А потом наступила среда, день рождения Громова. В этот день мы работали до двух, а потом, как выражалась Светочка, наступало время «официальной пьянки». И на эту пьянку Максим Петрович привёз кучу алкоголя и продуктов, часть из которых свалил у себя в комнате, а вторую – запихал в холодильник. На количество спиртного и съестного мне было страшно смотреть.
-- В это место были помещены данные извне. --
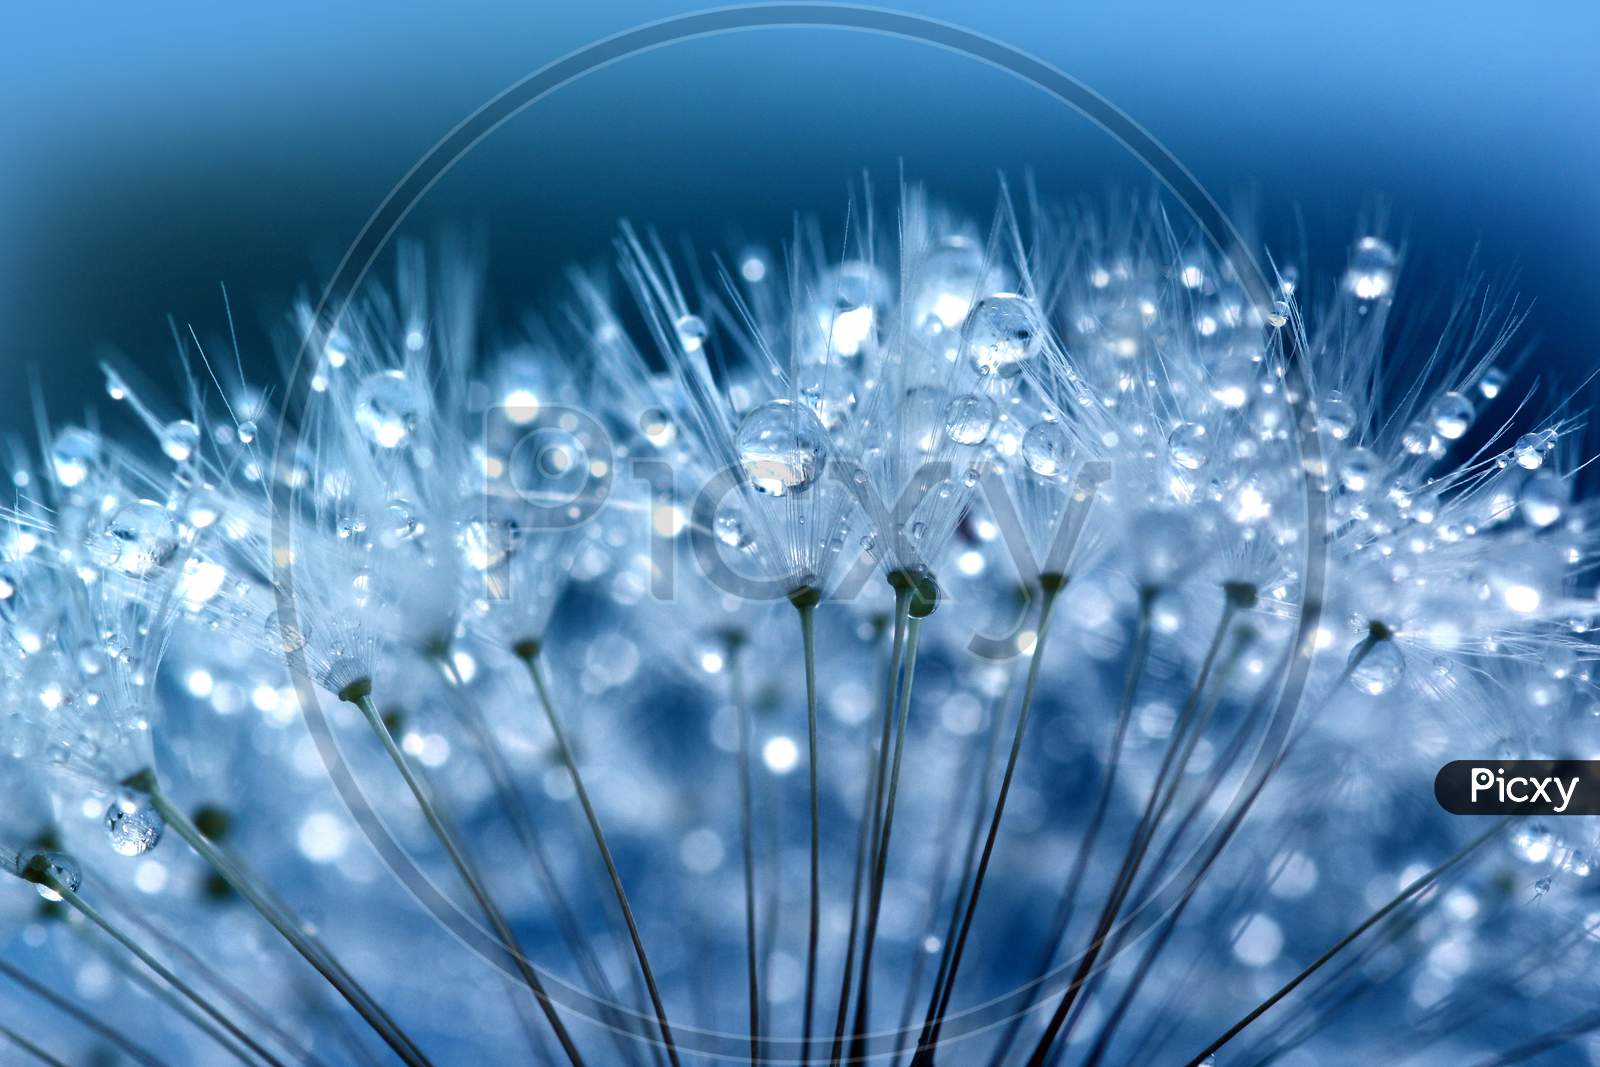 Water Droplets On Dandelion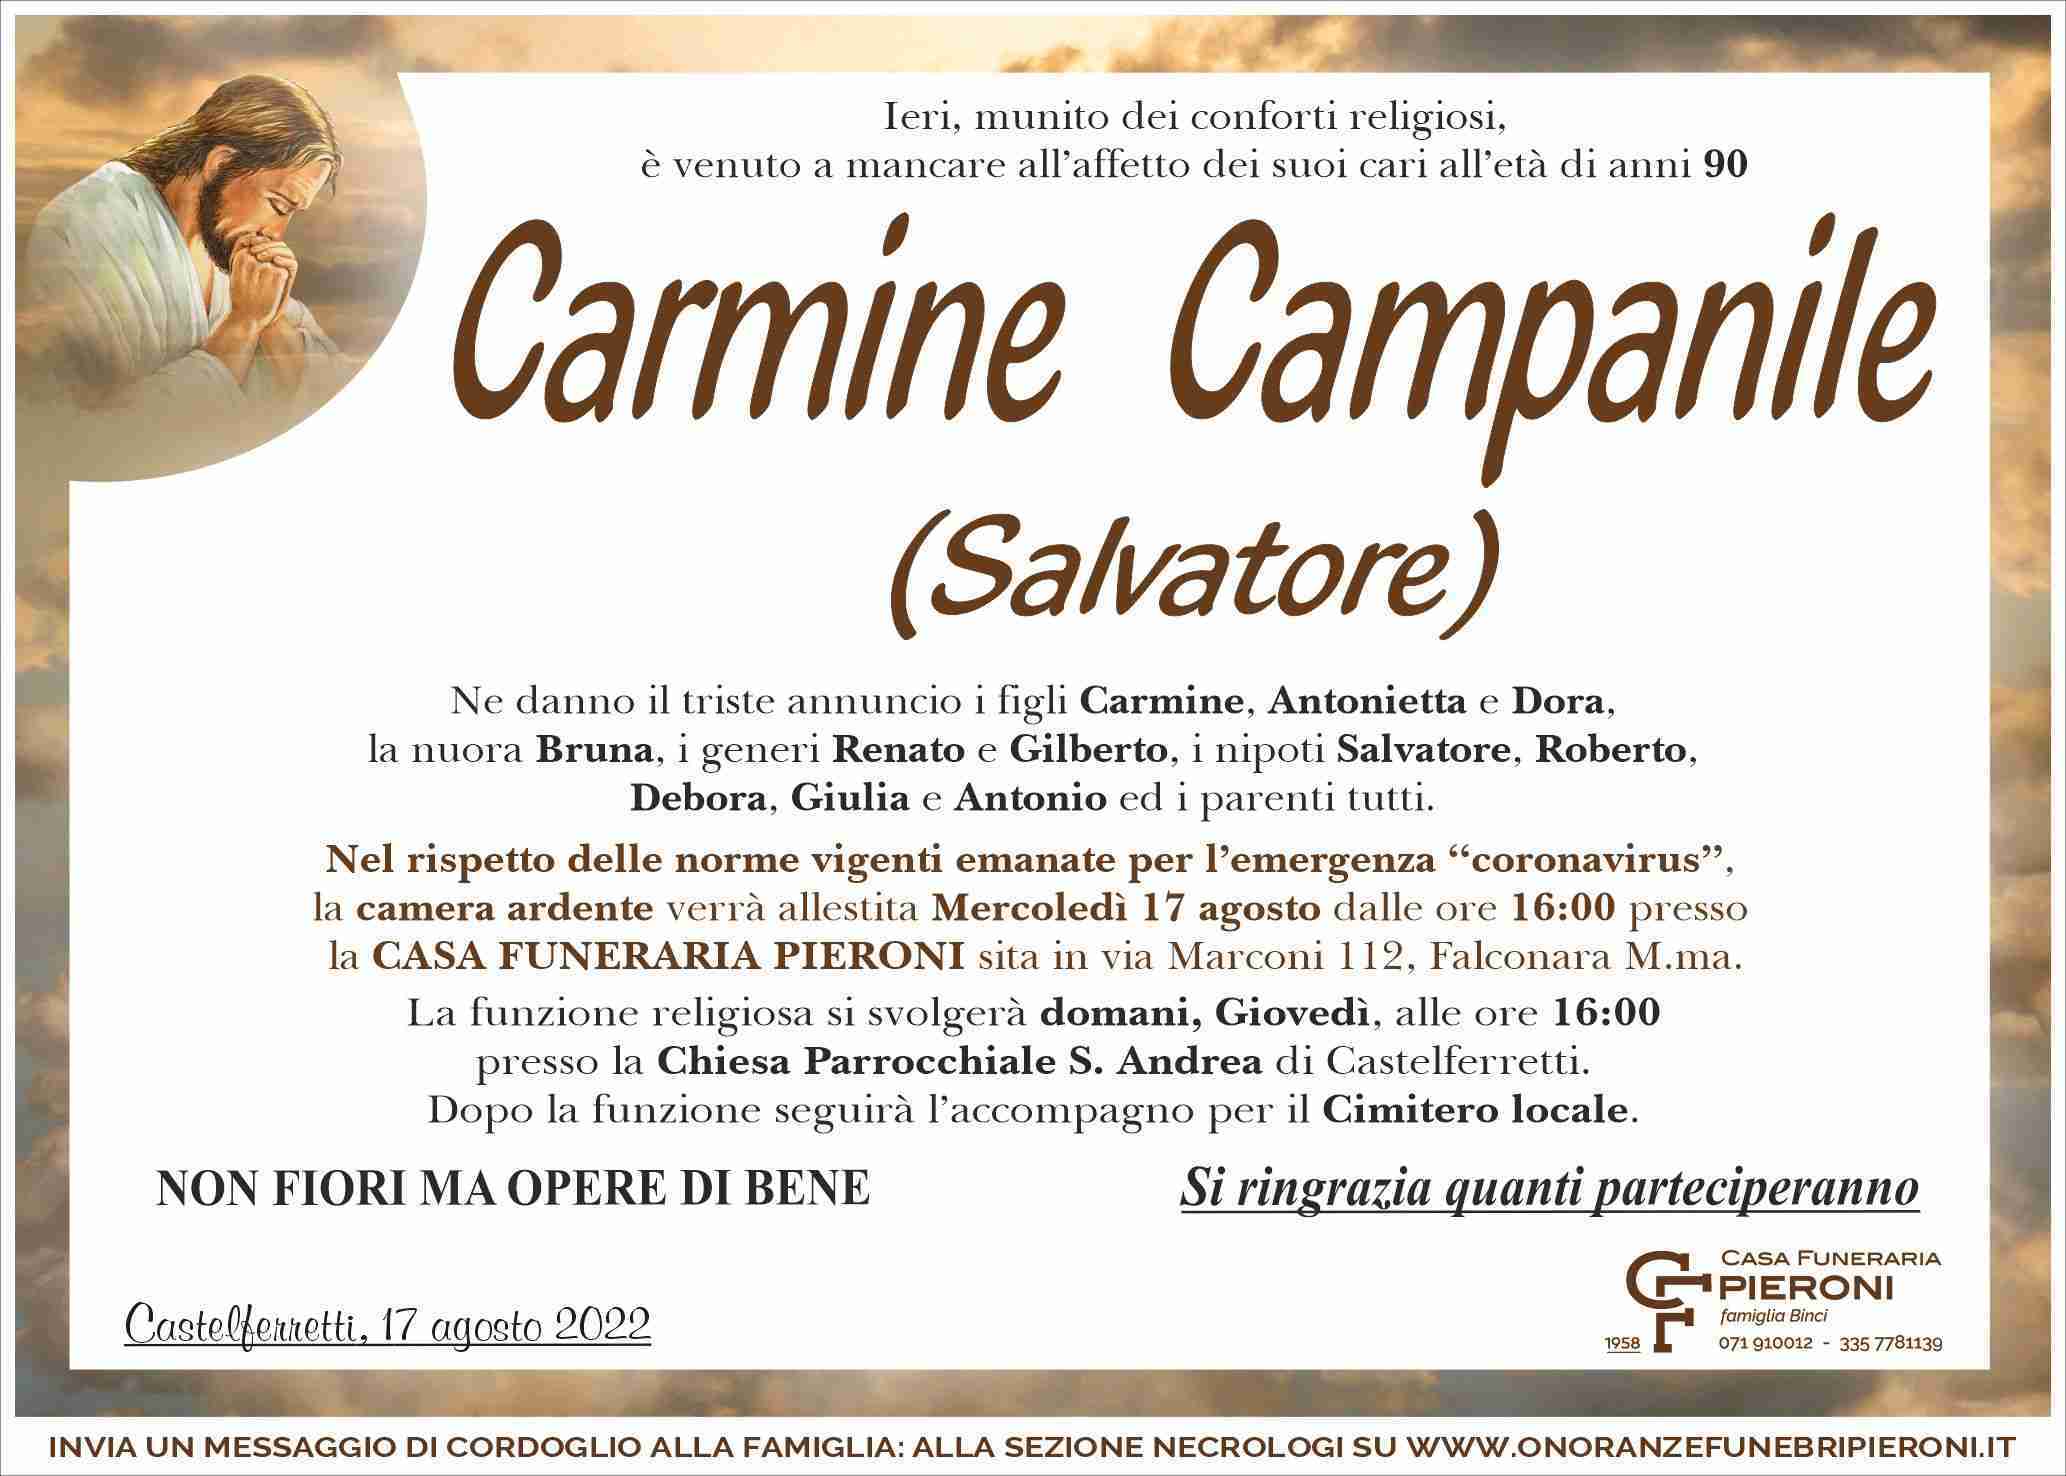 Carmine Campanile

На продукты и выпивку Громов не поскупился. Столы в переговорных – трех смежных комнатах для встреч редакторов с авторами – просто ломились. На моей памяти такое было лишь однажды – когда справляли 60-летие Королёва.

И ровно в два часа дня началось то, ради чего многие сегодня пришли на работу, – «официальная пьянка». Тосты, поздравления, целования-обнимания… Я никак не могла осилить даже один бокал шампанского, глядя, как странно похудевший и осунувшийся Громов стоически выдерживает потоки лести, льющиеся со всех сторон.

– Наталья Владимировна, а что же вы! – воскликнул вдруг кто-то. – Что же вы не поздравите своего начальника?!

Я посмотрела на того, кто так настойчиво просил меня высказаться. Молотов. И в глазах у него – колючки. Что ж, этого следовало ожидать.

Все замолчали. Я вздохнула. Так было всегда, ещё со школы. Когда я начинала говорить, все непроизвольно замолкали. И я до сих пор не могла понять, в чём причина такого внимания.

Но я не видела никого, кроме Громова. Он смотрел на меня совершенно… равнодушно, лишь с лёгкой улыбкой на губах. Я до боли в костяшках пальцев сжала бокал с шампанским.

– С удовольствием. Хотя я не очень хорошо умею произносить тосты, поэтому буду краткой. Максим Петрович, здоровья вам и всем вашим близким. Терпения и спокойствия на нашей нервной работе.

Послышались осторожные смешки.

– И успехов во всех начинаниях, – я салютовала бокалом, показывая этим, что закончила. Со всех сторон раздались радостные крики, Громов, кажется, поблагодарил меня, но я уже ничего не слышала. Подождав несколько минут, я осторожно поставила бокал на стол и вышла из переговорной.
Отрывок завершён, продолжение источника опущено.